Bags were packed on moving day at Chiefs camp. The sixth year of working out at Missouri Western State University ended with Military Appreciation Day capped by a flyover from a C-130 Airlift Wing stationed at Rosecrans Air National Guard Base.
“First practice I’ve ever been at where there was a flyover,” Chiefs coach Andy Reid said. “That’s normally saved for Super Bowls. How awesome was that?”
Here are five things the Chiefs accomplished and learned about themselves over the past month.
1) There has to be a primary concern, right? It’s the offensive line, and the revolving door of starters.
When camp opened the starting line from left to right consisted of Eric Fisher, Ben Grubbs, Eric Kush, Jeff Allen and Donald Stephenson. That lasted a week. Out went Kush, Allen and Stephenson and in came rookie Mitch Morse at center, Zach Fulton at guard and Allen at right tackle.

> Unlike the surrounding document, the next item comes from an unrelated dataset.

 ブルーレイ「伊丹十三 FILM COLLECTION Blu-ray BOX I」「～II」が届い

Then injuries got added to the equation. Fisher has a high ankle sprain and Allen a knee sprain. They’ll miss Friday’s game against the Seahawks.
Jarrod Pughsley, Paul Fanaika and Laurent Duvernay-Tardiff have also worked as starters.

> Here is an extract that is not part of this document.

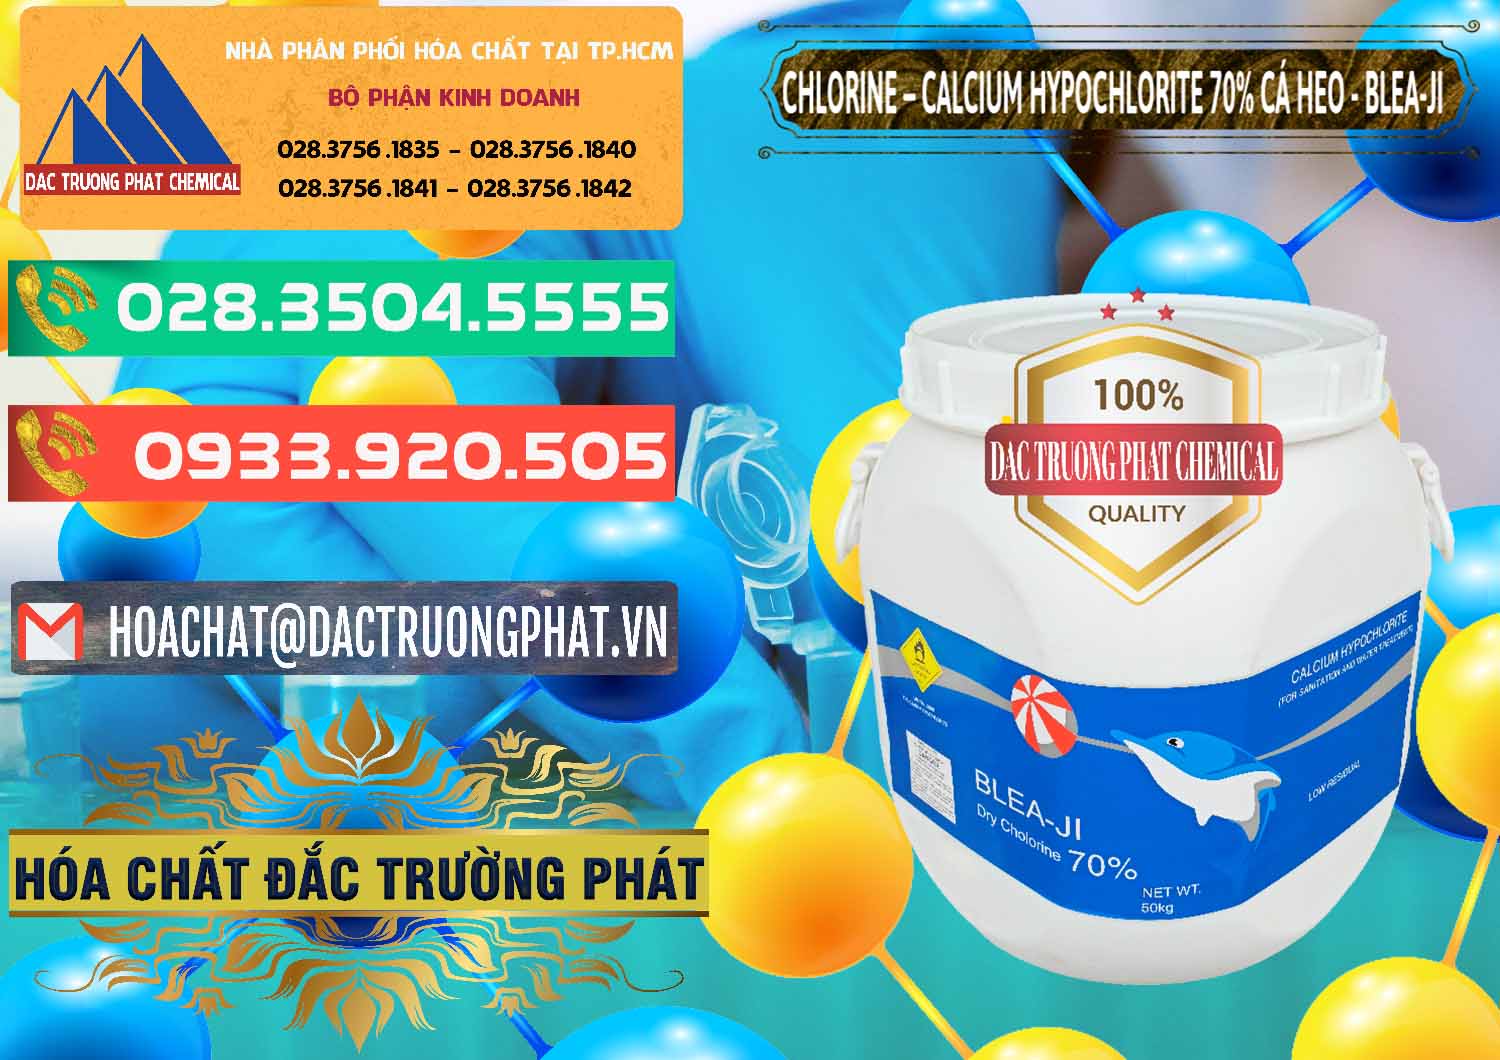 Cty chuyên bán & cung cấp Clorin - Chlorine Cá Heo 70% Blea-Ji Trung Quốc China - 0056 - Công ty phân phối và nhập khẩu hóa chất tại TP.HCM - congtyhoachat.com.vn

Grubbs has been the lone constant at his position, and Fisher was having a good camp and will return to his spot when he heals. Everything else seems uncertain.
“I think by the time you get to your third week when your starters are playing a lot, three quarters, you should have that ironed out,” offensive coordinator Doug Pederson said.
How will it shake out for the regular-season opener? It’s anyone’s guess.
2) Chiefs have a wide receiver-palooza
A Chiefs wide receiver is getting to the end zone this season, count on it. Not only did general manager John Dorsey and Reid address one of the team’s biggest needs with the signing of Jeremy Maclin, they drafted promising Chris Conley, along with Da’Ron Brown and have developed productive practice players like Albert Wilson, Frankie Hammond and Fred Williams.
Highlight-reel receptions became a daily occurrence. Hammond, Williams and Brown each caught a touchdown pass against the Cardinals last week. Look for Conley, who missed that game, to make his debut Friday. There’s not enough room on the roster for them all. One or two could find themselves on the practice squad or another NFL roster in a matter of weeks.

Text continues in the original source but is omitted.